In school you learned about something called potential energy. If you have a ball resting on the ground, it’s at equilibrium and can’t do any work. If you lift the ball up on a table though, then it has potential energy because the ball is not at equilibrium and it wants to fall onto the ground. The little push you give it to roll off the table could be called an activation energy.

Potential energy can be stored chemically. Carbon and Oxygen REALLY want to be together in order to fill their outer valence electron shells. Carbon Dioxide is a stable element just like a ball on the ground is stable. Carbon without oxygen, and oxygen without carbon, are like the ball being on a table.

The carbon and oxygen want to combine with each other the same way that ball wants to fall on the ground, but like the ball they need an initial push in the form of a flame. When you mix carbon and oxygen together, nothing much happens. But heat it up, and you give it the push it needs to begin reacting.

Carbon bonding to oxygen to create carbon dioxide is an exothermic reaction, it gives heat and carbon dioxide gas. We can use this heat, and the sudden gas expansion, to perform work.

In an automobile we combine the carbon and hydrogen in gasoline with oxygen in the air to get carbon dioxide, carbon monoxide, and H20 and in the process we get heat and expanding gasses which push against the cylinders of the engine and performing work.

In a coal fired power plant we take the carbon in coal and coke, and combine it with oxygen in the air to get carbon dioxide and heat, and we use the heat to boil water into steam which spins a turbine.

so that’s how you use the potential energy of carbon and hydrogen and oxygen, but how do you store that energy in the first place? Well plants use sunlight to take that carbon dioxide and split it back into carbon and oxygen and the oxygen is mostly lost as a waste product and the carbon is turned into things like cellulose and sugars which the plant uses to build it’s body and fuel it’s cellular processes.

So you can think of the chemistry of burning fossil fuels like a battery. You combine oxygen and carbon to get energy, and to recharge the battery you use sunlight to split them back apart.

Thus in a very real way, all of our fossil fuel energy came from the sun.

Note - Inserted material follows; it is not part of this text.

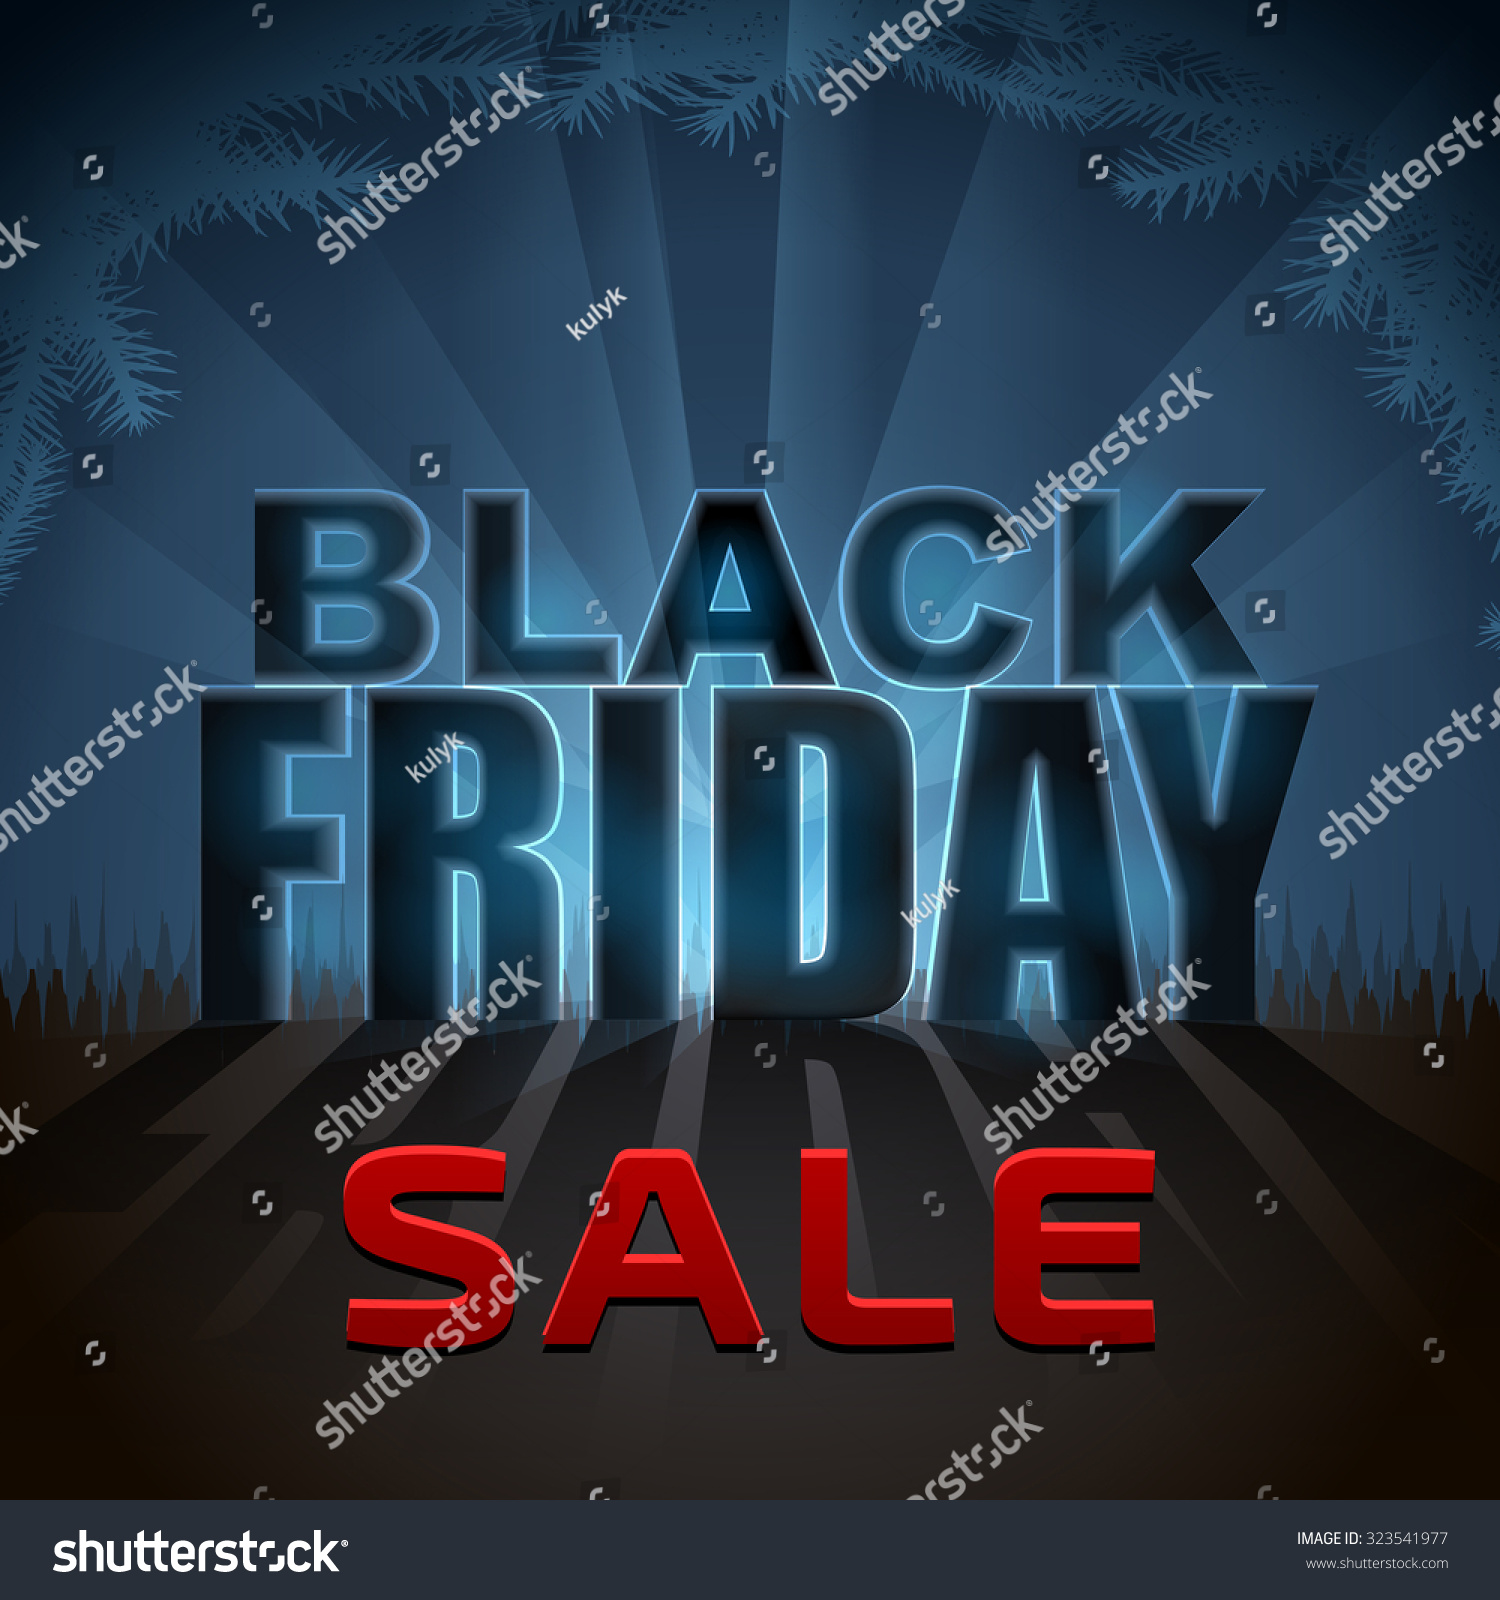 Black Friday Sale Element With Back Light Effect. Design

Another cool way to consider it is the food that you eat. Fat and carbohydrates like sugar contain carbon and hydrogen. You inhale oxygen and the body’s Mitochondria combine that oxygen with the carbons in fats and sugars to create carbon dioxide, getting energy in the process and we breath that carbon dioxide out through our lungs. Some of it is also converted into H20 and we lose this through the kidneys. So when you eat a large meal, yes most of it is lost through using the restroom, but a lot of it is also lost by breathing it out as carbon dioxide.